4. Take out the lowest state of f(n)
in the open list , and judge the nature of the state (1) If it appears in the open list, then judge the state of g(n) through the current node (take out from the open list, and expand the The node of the node) is the g(n) brought as the parent node is less than the original parent node, if it is less, you need to change its parent node and g(n).
(2) If it appears in the close list, then judge the state The g(n) of the current node (taken out from the open list, expand the node of the node) as the parent node to bring g(n) is less than the original parent node, if it is less than the need to delete the node from the close list , And add it to the open list, and change its parent node to the current node.
(3) Neither in the open list nor in the close list. This is very simple. Just add it directly to the open list (keep the open list in ascending order)
(4) If the retrieved node is the target node, exit successfully
Pseudo code of A* algorithm
创建两个表,open表保存所有已生成而未考察的节点,close表中记录已访问过的节点。
算起点的估价值;
将起点放入open表;
while(open!=NULL)
{
从open表中取估价值f最小的节点n;
if(n节点==目标节点){
break;
}
for(当前节点n 的每个子节点X)
{
算X的估价值;
if(X in open)
{
if( X的估价值小于open表的X估价值 ){
把n设置为X的父亲;
更新open表中的估价值; //取最小路径的估价值
}
}
if(X in close) {
if( X的估价值小于close表的X估价值 )
把n设置为X的父亲;
将该节点从close表中除去
把X节点放入open //取最小路径的估价值
}
}
if(X not in both){
把n设置为X的父亲;
求X的估价值;
并将X插入open表中; //升序排列open
}
}//end for
将n节点插入close表中;
按照估价值将open表中的节点排序; //实际上是比较open表内节点f的大小,从最小路径的节点向下进行。
} //end while(open!=NULL)
保存路径,即从终点开始,每个节点沿着父节点移动直至起点,这就是你的路径;
(2) A* algorithm solves the problem of rearrangement of Jiugongge
Algorithm calculation formula f(n) = g(n)+h(n),
where g(n) is the number of steps consumed from the initial state to the current state, and h(n) is the estimation required from the current state to the target state The number of steps, generally h(n) is less than or equal to the actual number of steps required, so that the optimal solution will not be ignored, because h(n) has some relationship with the solution space, if h(n) is set to be more than the actual number of steps required If the number is large, the optimal solution may be ignored in the solution space. For example, the width-first search is the effect brought by h(n)=0, and the depth-first search is the effect brought by g(n)=0, but h(n) is the distance h*(n)[the actual step required The degree of the number] cannot be too large, otherwise h(x) will not have strong distinguishing ability, and the algorithm efficiency will not be very high. The evaluation of a good h(n) is: h(n) is below the lower bound of h*(n) and is as close as possible to h*(n).

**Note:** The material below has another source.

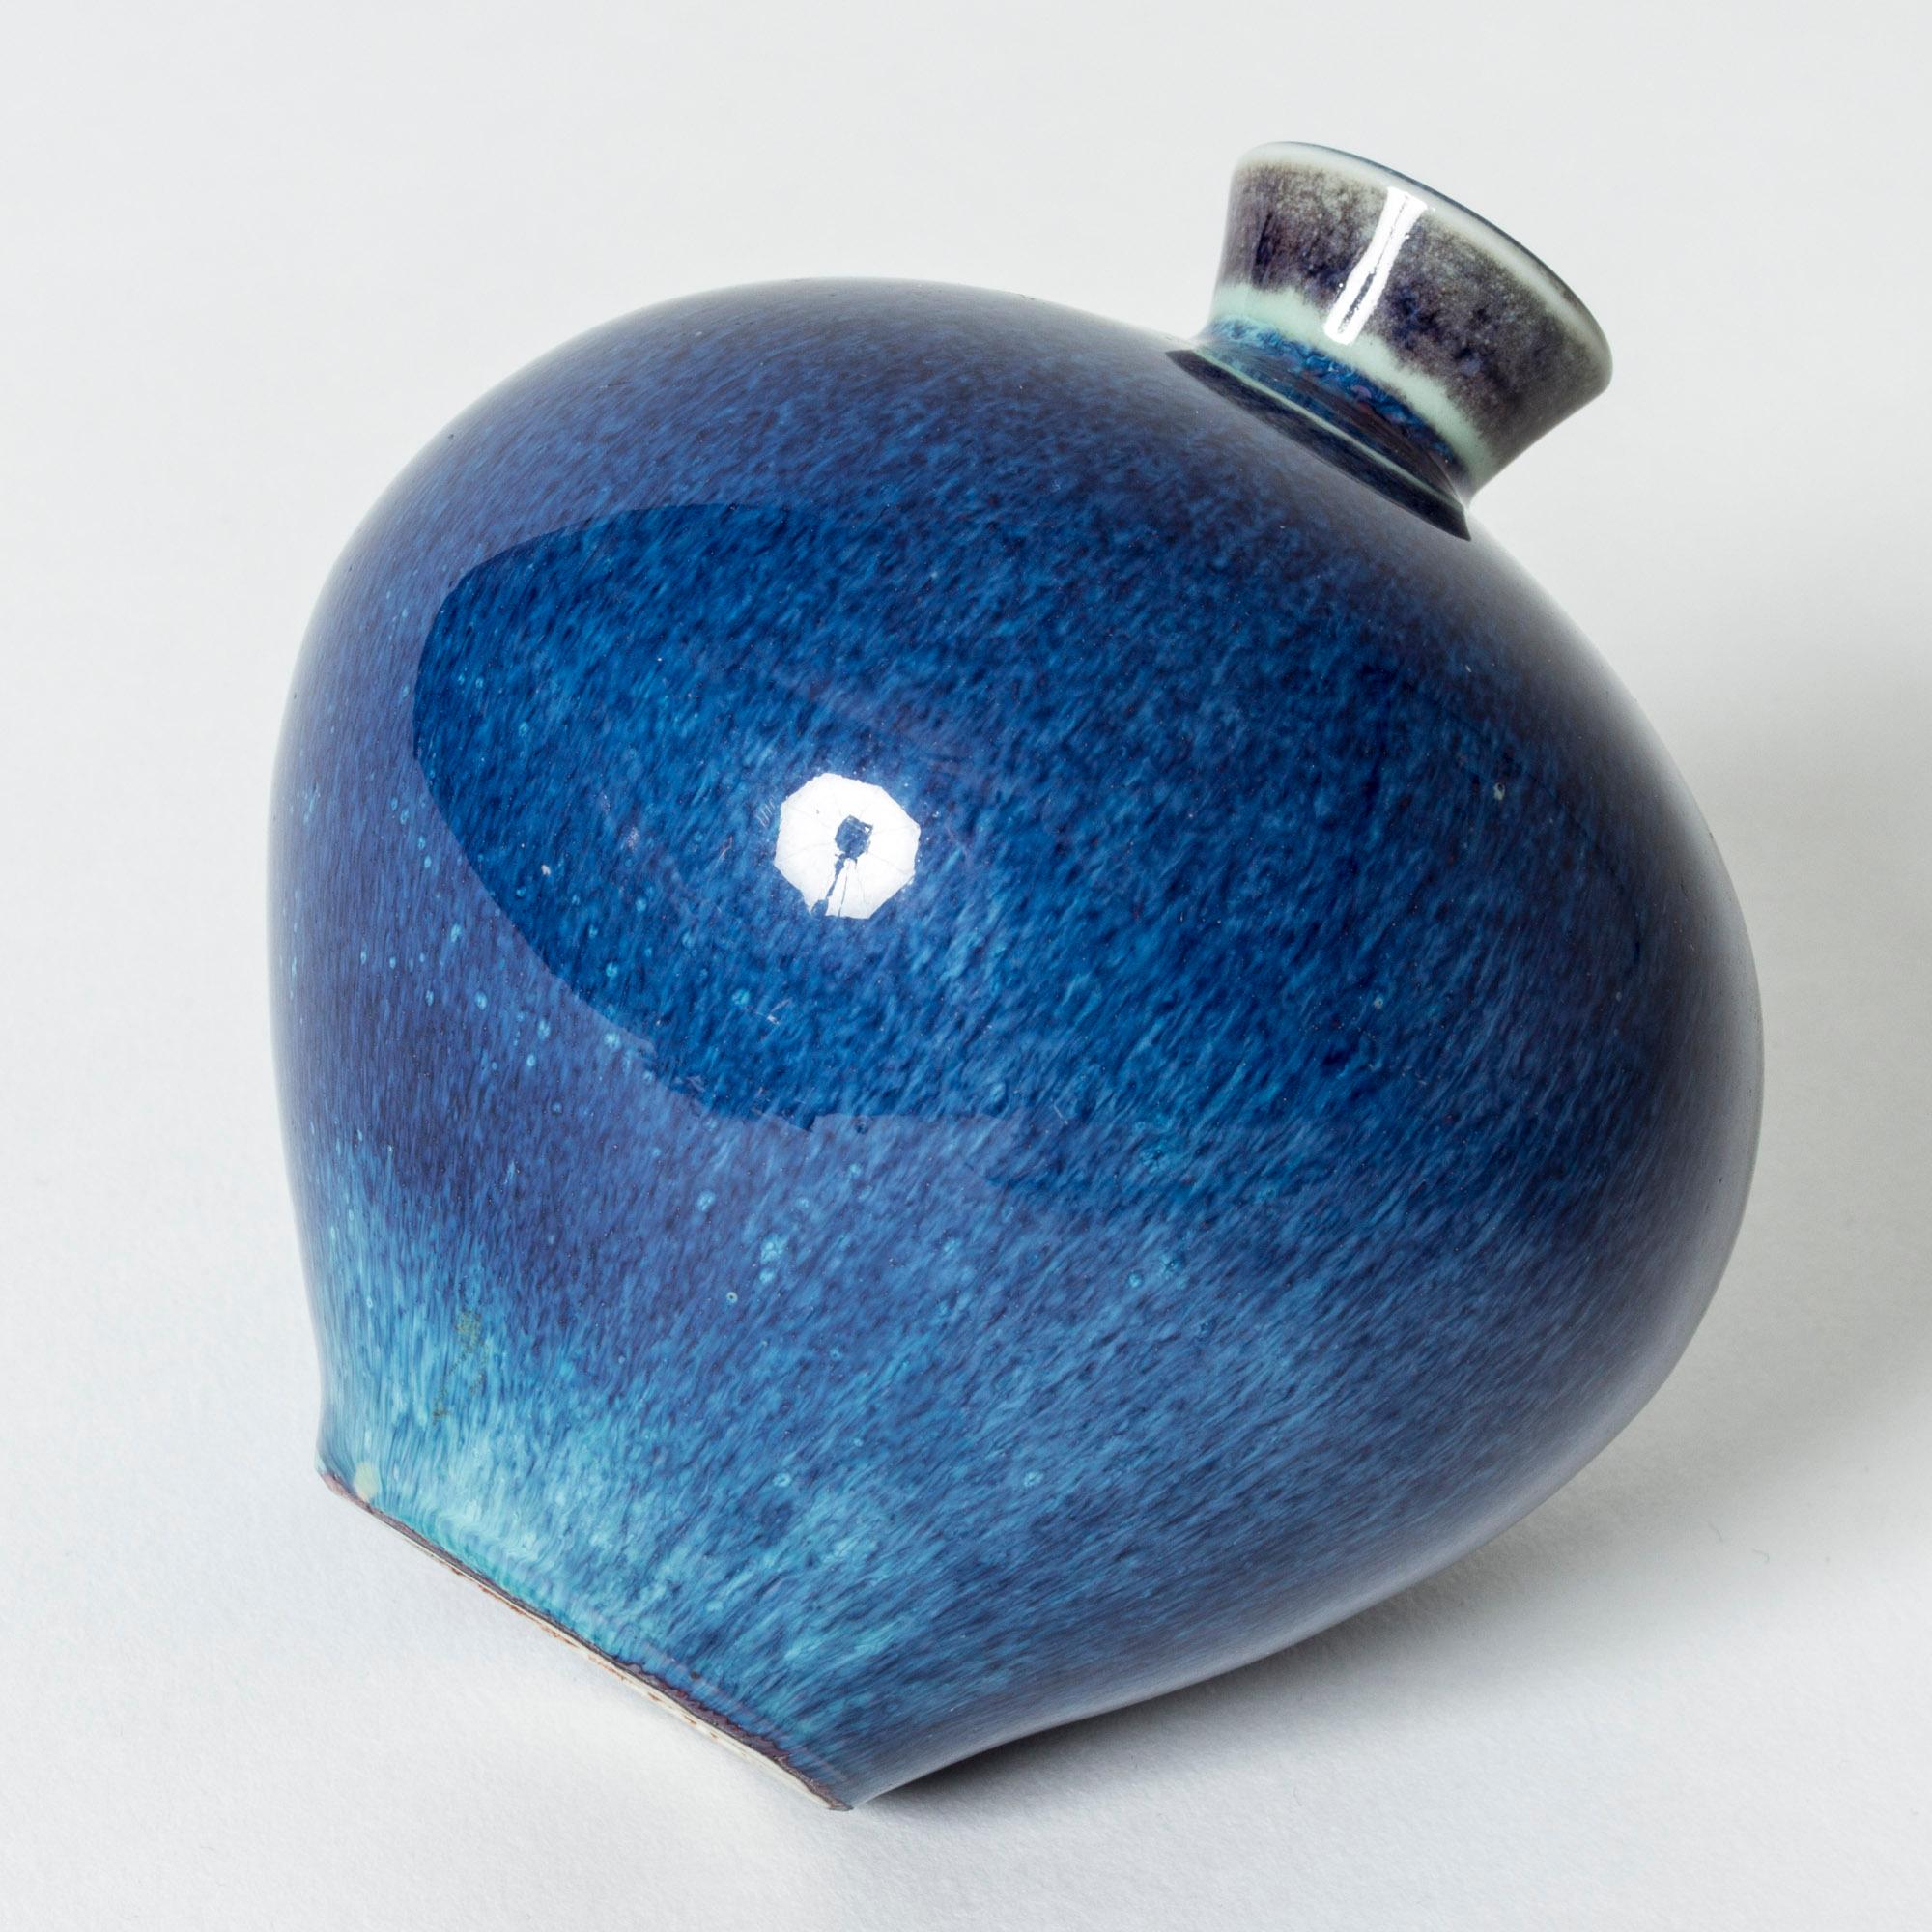 Small stoneware vase by Berndt Friberg, with intense blue “Aniara” glaze with aquamarine streaks. Lovely, plump form.
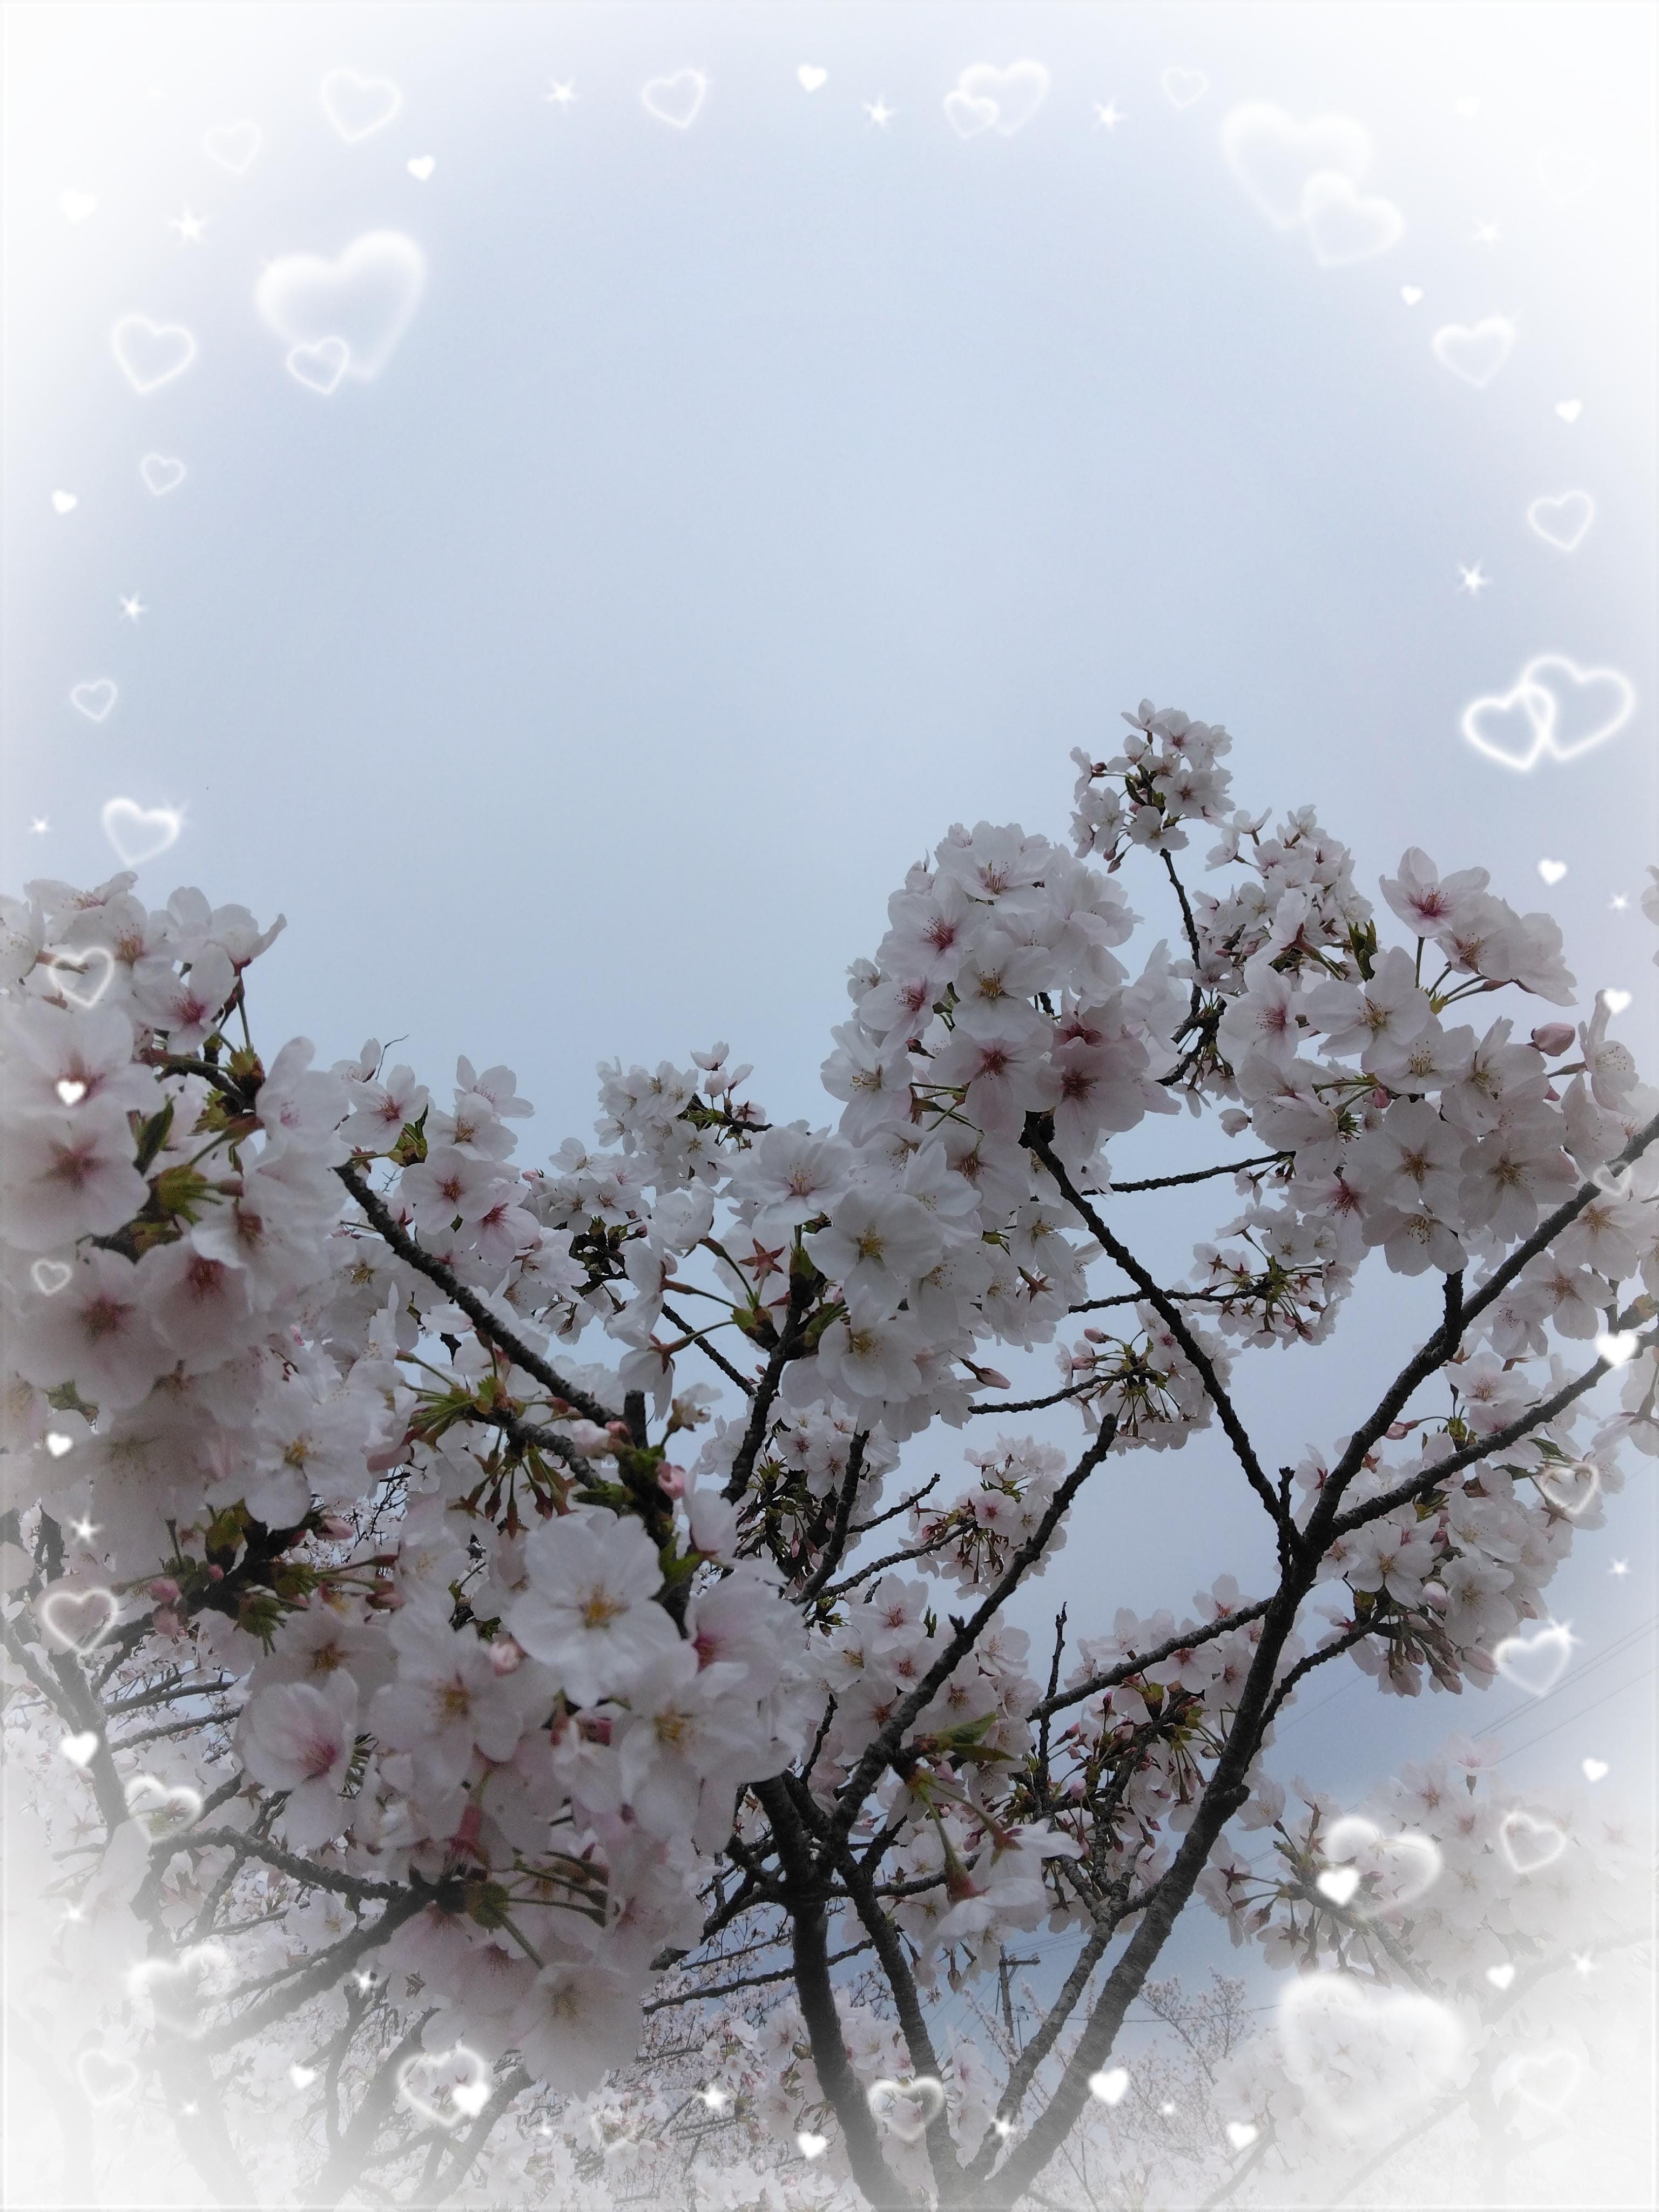 「新年度」04/09(火) 12:46 | 野島紫乃の写メ日記

Then the eight-digit problem g(n) is the number of steps needed to get the new state by moving the numbers near the space up, down, left, and right, h(n) is the distance between the current state and the target state, that is, the sum of all the numbers that are not in the target position, which must be less than h*(n).
For the eight-digit problem, each node has 8 numbers and a space. The space can be regarded as 0, so there are 9 numbers in total, and an integer can be used to represent the information corresponding to a node.
We let g(n) be the actual number of steps (ie depth) taken from the start node to the current node, and h(n) is the estimate of the number of steps that must be at least from the node to the final node (in the estimation of h(n) When, we ignore the influence of other numbers on the number to its final position, so h(n) is only the lower limit of its minimum number of steps), f(n)=h(n)+g(n).